Universal TK is a growing area of growing focus for the DLE program, already the top producer of bilingual educators in California.
 
"Having a teacher that comes from the same community, understands the culture and speaks the native language is so important, especially for small children,” said Margarita Machado-Casas, professor and chair in DLE. “This is going to set the tone for how they see themselves, for how they see school and how they're going to approach education moving forward."
 
This fall SDSU’s DLE department is welcoming 30 current preschool teachers into its bilingual multiple subject teaching credential program, seeking to meet the credentialing demands to become TK teachers. And Machado-Casas said many more are on the way — so many that she’s considering a special cohort for future bilingual TK teachers to provide additional support for their success.
 
Staffing shortage

One challenge for the state’s TK ambitions is that California already faces a serious staffing shortage in qualified special educators at all age levels.
 
SDSU, however, is ready to fill the void. In addition to offering an early childhood special education specialization, the university recently launched a new integrated teacher education program that allows students to earn both a B.S. in child development and an early childhood specialization credential concurrently in just four years.
 
“Early childhood is one of the main areas of special education where we need people,” said Laura Hall, professor and chair in the Department of Special Education. “The staffing shortage is very serious and we want to have well-prepared folks.
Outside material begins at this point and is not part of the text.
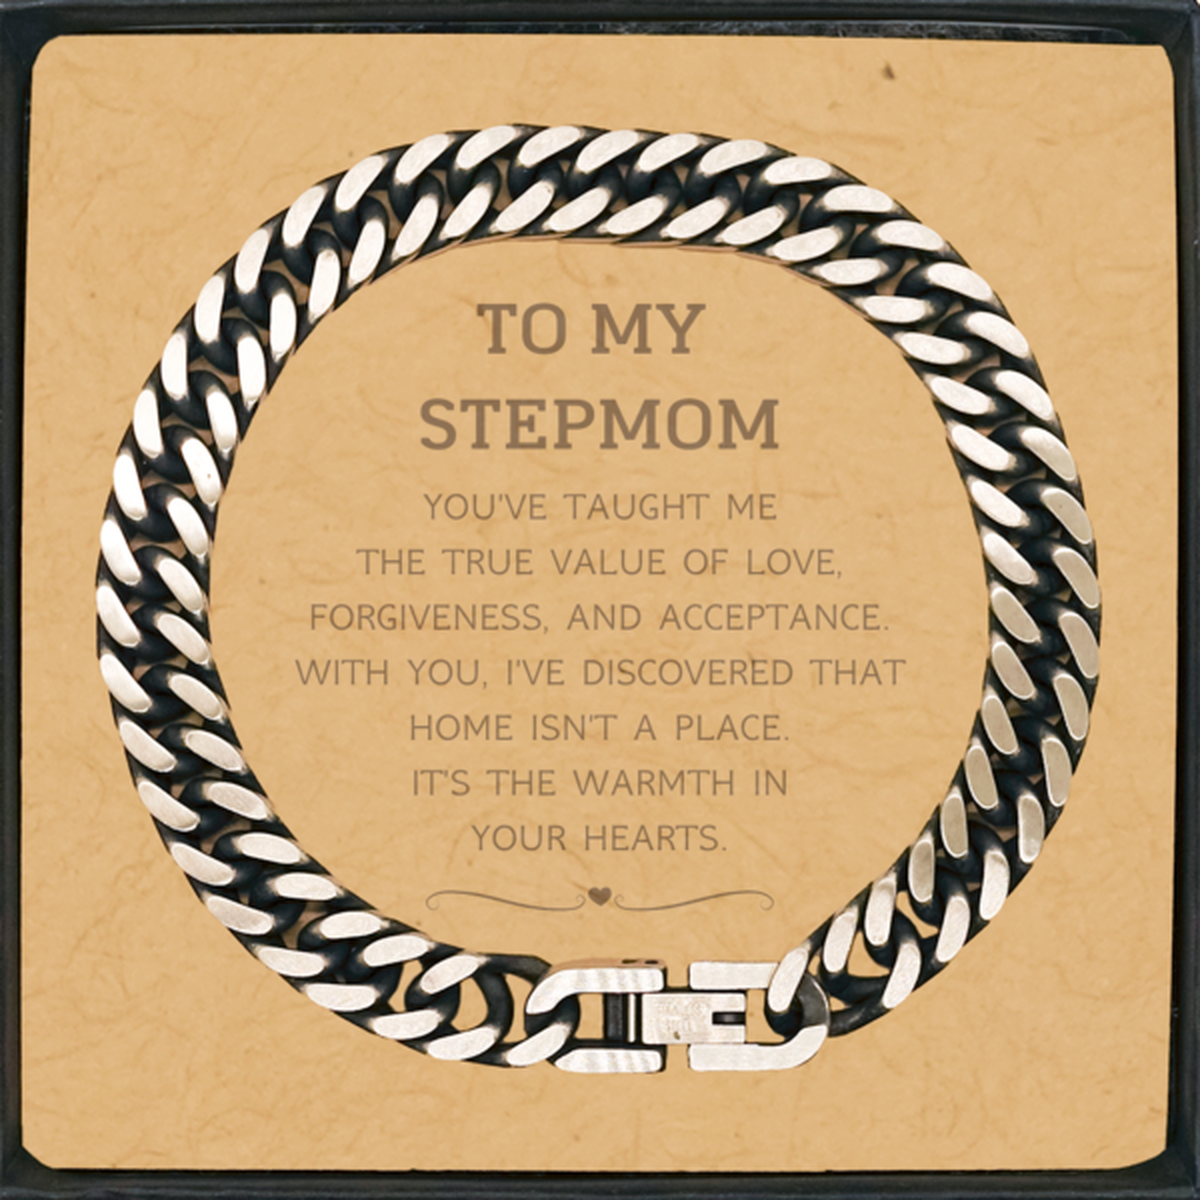 To My Stepmom Gifts, You've taught me the true value of love, Thank You Gifts For Stepmom, Birthday Cuban Link Chain Bracelet For Stepmom

But we have the capacity here."
 
Boosting the early childhood special education workforce, Hall added, has the potential to make a life-changing impact on children with exceptionalities.
 
“There's research to show that when children are young, their brains are still developing and you can make some real differences,” she said. “It's an opportunity to really have an influence that can change the trajectory of someone's development.”
 
Ready to build

Across SDSU’s College of Education, it’s a waiting game. Early discussions on a new ECE specialist credential program have already taken place and alignment between disciplines and departments, which at many universities might be inclined to war over turf, is clear as day.
 
All that’s needed now is the green light — and final guidelines — from the state.
 
“We've all been talking about it, we're just waiting for the go-ahead,” Garrity said. “We're ready to build this program."